Re: [RFC][PATCH 00/14] function_graph: Rewrite to allow multiple users

From: Masami Hiramatsu
Date: Thu Nov 29 2018 - 21:27:08 EST


On Thu, 29 Nov 2018 11:46:52 -0500
Steven Rostedt <rostedt@xxxxxxxxxxx> wrote:

> On Thu, 29 Nov 2018 23:29:27 +0900
> Masami Hiramatsu <mhiramat@xxxxxxxxxx> wrote:
>
> > > One way to solve this is to also have a counter array that gets updated
> > > every time the index array gets updated. And save the counter to the
> > > shadow stack index as well. This way, we only call the return if the
> > > counter on the stack matches what's in the counter on the counter array
> > > for the index.
> >
> > Hmm, but we already know the current stack "header" entry when calling
> > handlers, don't we? I thought we just calcurate out from curr_ret_stack.
>
> Basically we have this:
>
> array: | &fgraph_ops_1 | &fgraph_ops_2 | &fgraph_ops_stub | ...
>
> On entry of function we do:
>
push header(including original ret_addr) onto ret_stack

> for (i = 0; i < array_entries; i++) {
> if (array[i]->entryfunc(...)) {
> push i onto ret_stack;
> }
> }
>
> On the return side, we do:
>
> idx = pop ret_stack;
>
> array[idx]->retfunc(...);

So at this point we have the header on ret_stack, don't we? :)

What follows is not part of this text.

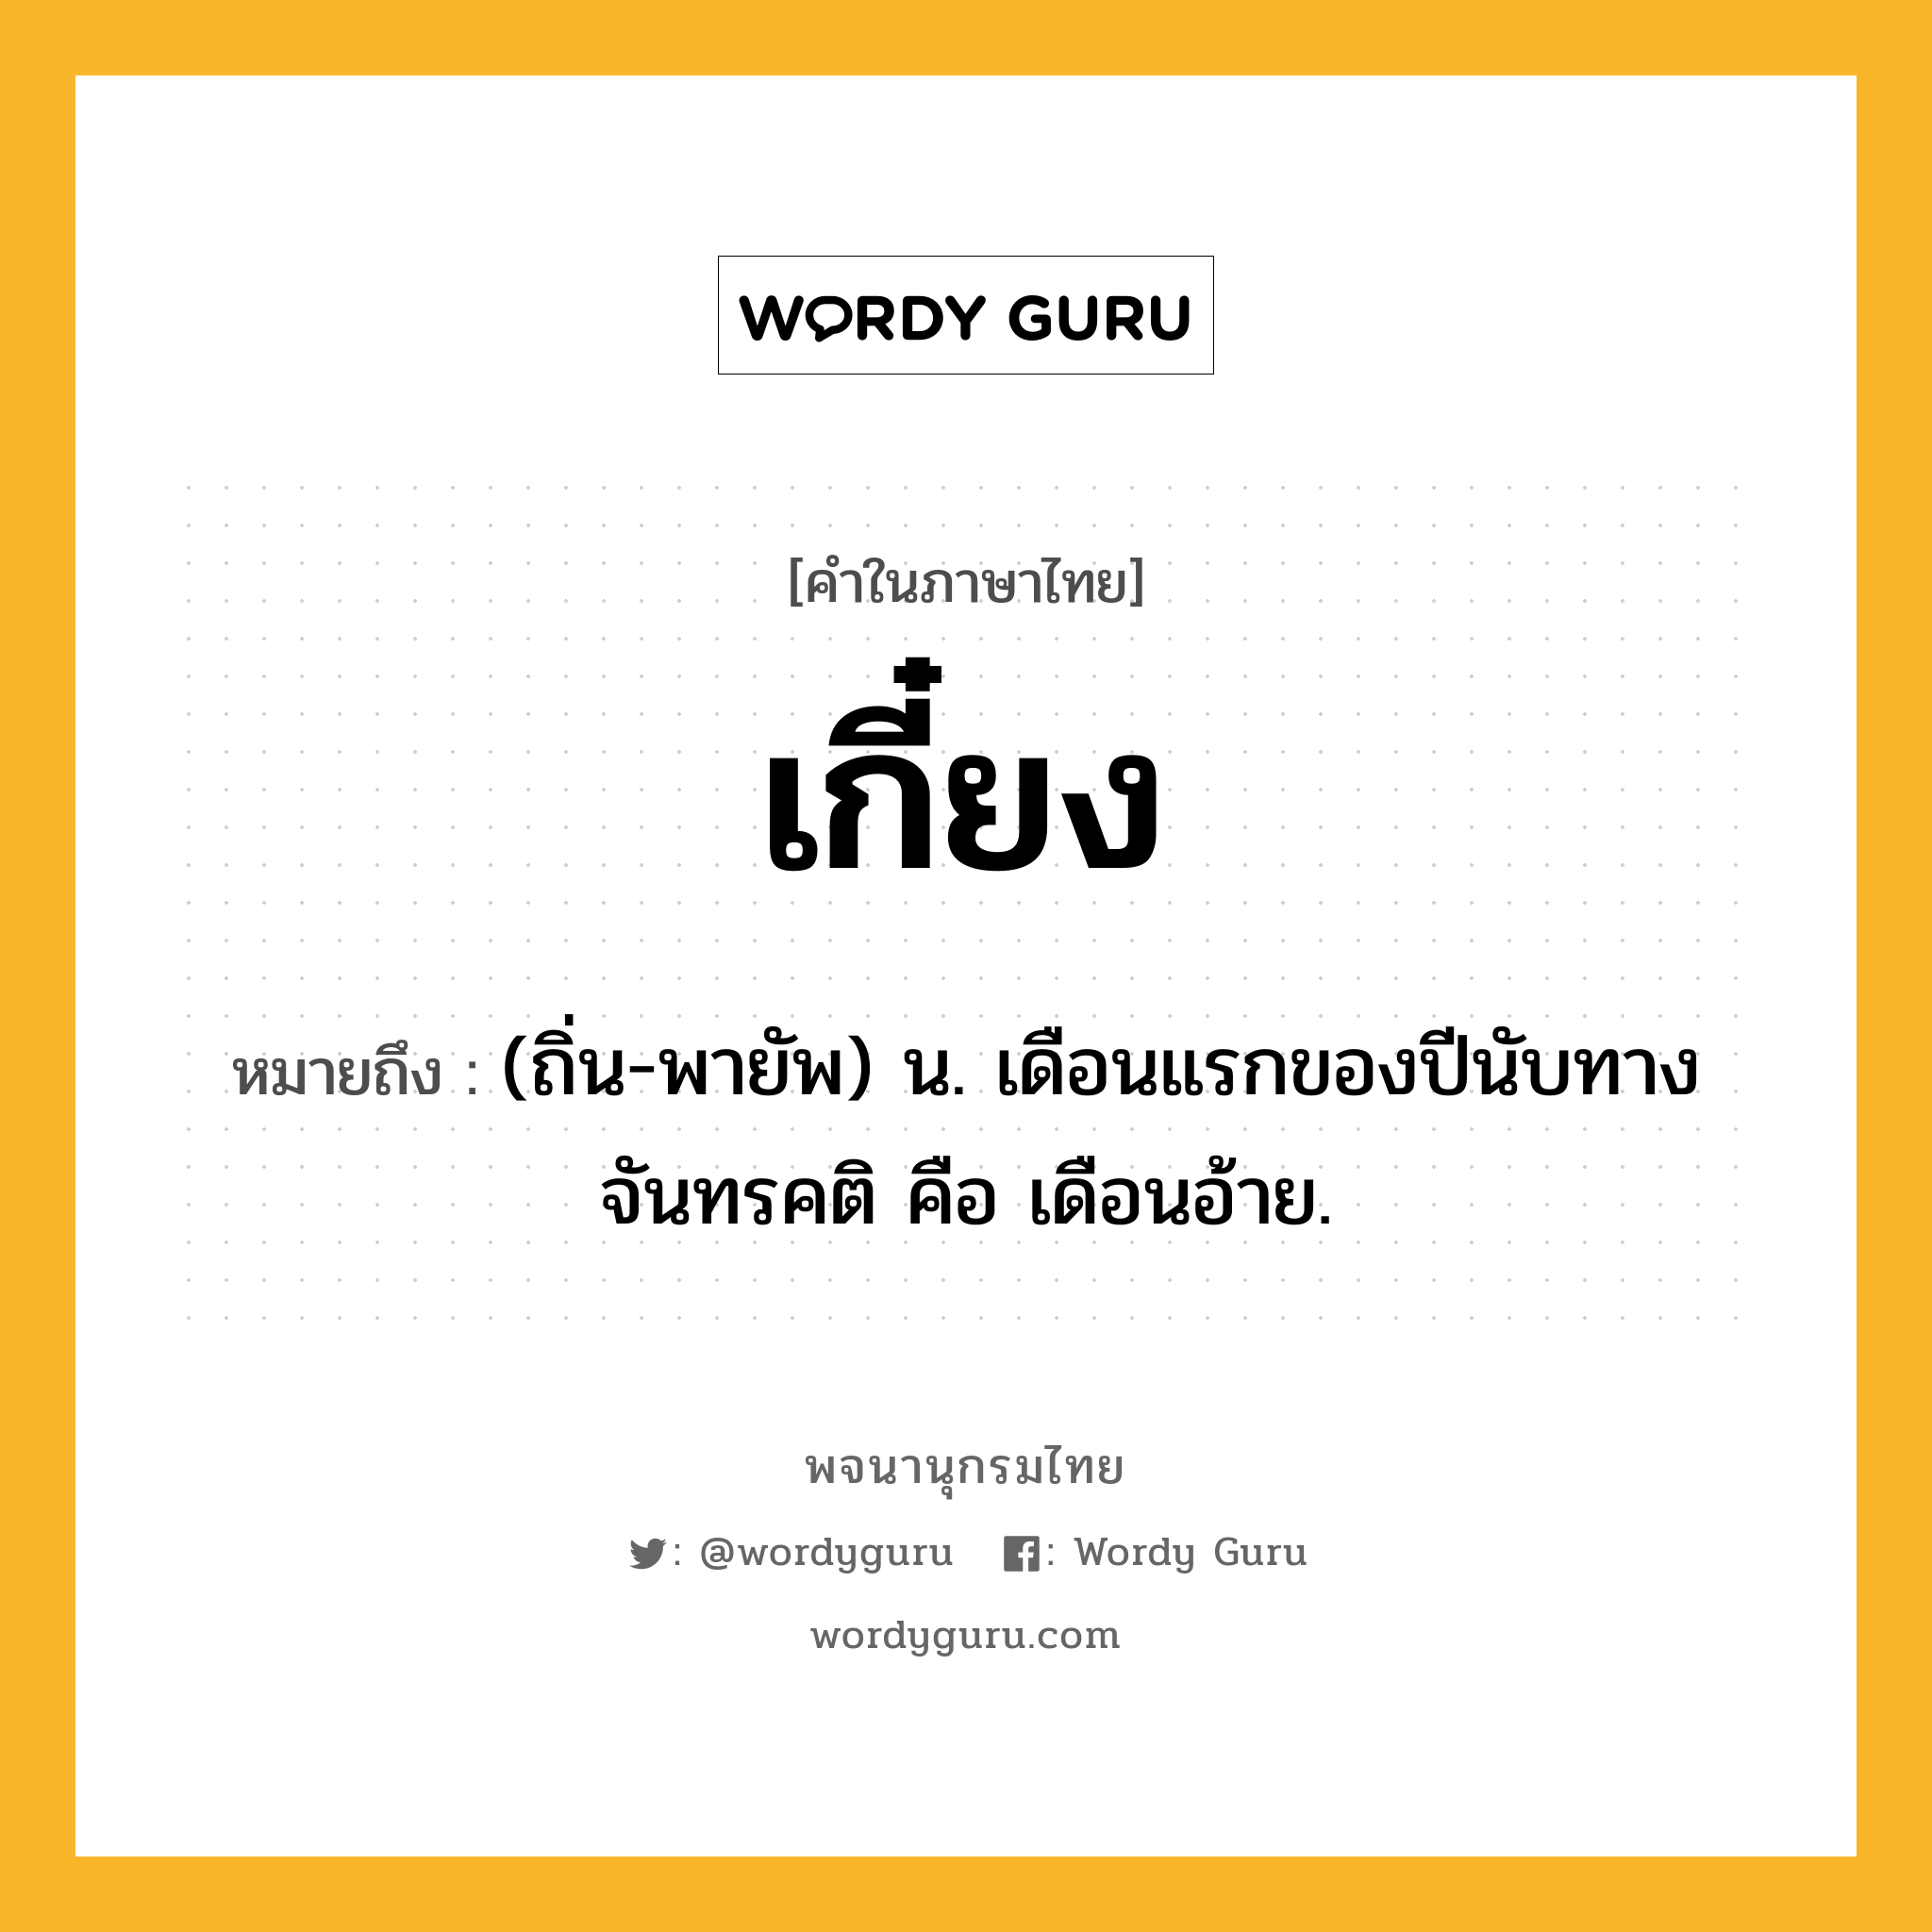 เกี๋ยง ความหมาย หมายถึงอะไร?, คำในภาษาไทย เกี๋ยง หมายถึง (ถิ่น-พายัพ) น. เดือนแรกของปีนับทางจันทรคติ คือ เดือนอ้าย.

Anyway, I think we may provide an API for unwinder to find correct
original return address form ret_stack. That is OK for me.


>
> We only call the retfunc of a fgraph_ops if it returned non-zero from
> its entryfunc(). The return can happen a long time from now (which is
> why I don't save the &fgraph_ops on the ret_stack, because then we would
> never be able to free it).
>
> In the mean time, lets say we unregistered (and freed) fgraph_ops_2 and
> then added fgraph_ops_3, so the array looks like:
>
> array: | &fgraph_ops_1 | &fgraph_ops_3 | &fgraph_ops_stub | ...
>
> Then a function that was called when fgraph_ops_2 was on the stack
> returns, it will call array[1]->retfunc() which now belongs to
> fgraph_ops_3 and not fgraph_ops_2.
>
> But if we add a counter array that gets updated when new ops are added
> to the array, we have this:
>
> cnt_array: | 4 | 2 | 0 |
> array: | &fgraph_ops_1 | &fgraph_ops_2 | &fgraph_ops_stub | ...
>
> And do:
>
> for (i = 0; i < array_entries; i++) {
> if (array[i]->entryfunc(...)) {
> idx = cnt_array[i] << 8 | i;
> push idx onto ret_stack;
> }
> }
>
> Then on return we have:
>
> idx = pop ret_stack;
>
> if (idx >> 8 == cnt_array[idx & 0xff])
> array[idx & 0xff]->retfunc(...);
>
> It wouldn't call fgraph_ops_3 because we would change the cnt_array
> when we remove fgraph_ops_2 and the return would not match, as
> cnt_array[1] would then be "3".
>
> >
> > > > By the way, are there any way to hold a private data on each ret_stack entry?
> > > > Since kretprobe supports "entry data" passed from entry_handler to
> > > > return handler, we have to store the data or data-instance on the ret_stack.
> > > >
> > > > This feature is used by systemtap to save the function entry data, like
> > > > function parameters etc., so that return handler analyzes the parameters
> > > > with return value.
> > >
> > > Yes, I remember you telling me about this at plumbers, and while I was
> > > writing this code I had that in mind. It wouldn't be too hard to
> > > implement, I just left it off for now. I also left it off because I
> > > have some questions about what exactly is needed. What size do you
> > > require to be stored. Especially if we want to keep the shadow stack
> > > smaller. I was going to find a way to implement some of the data that
> > > is already stored via the ret_stack with this instead, and make the
> > > ret_stack entry smaller. Should we allow just sizeof(long)*3? or just
> > > let user choose any size and if they run out of stack, then too bad. We
> > > just wont let it crash.
> >
> > I need only sizeof(unsigned long). If the kretprobe user requires more,
> > it will be fall back to current method -- get an "instance" and store
> > its address to the entry :-)
>
> Awesome, then this shouldn't be too hard to implement.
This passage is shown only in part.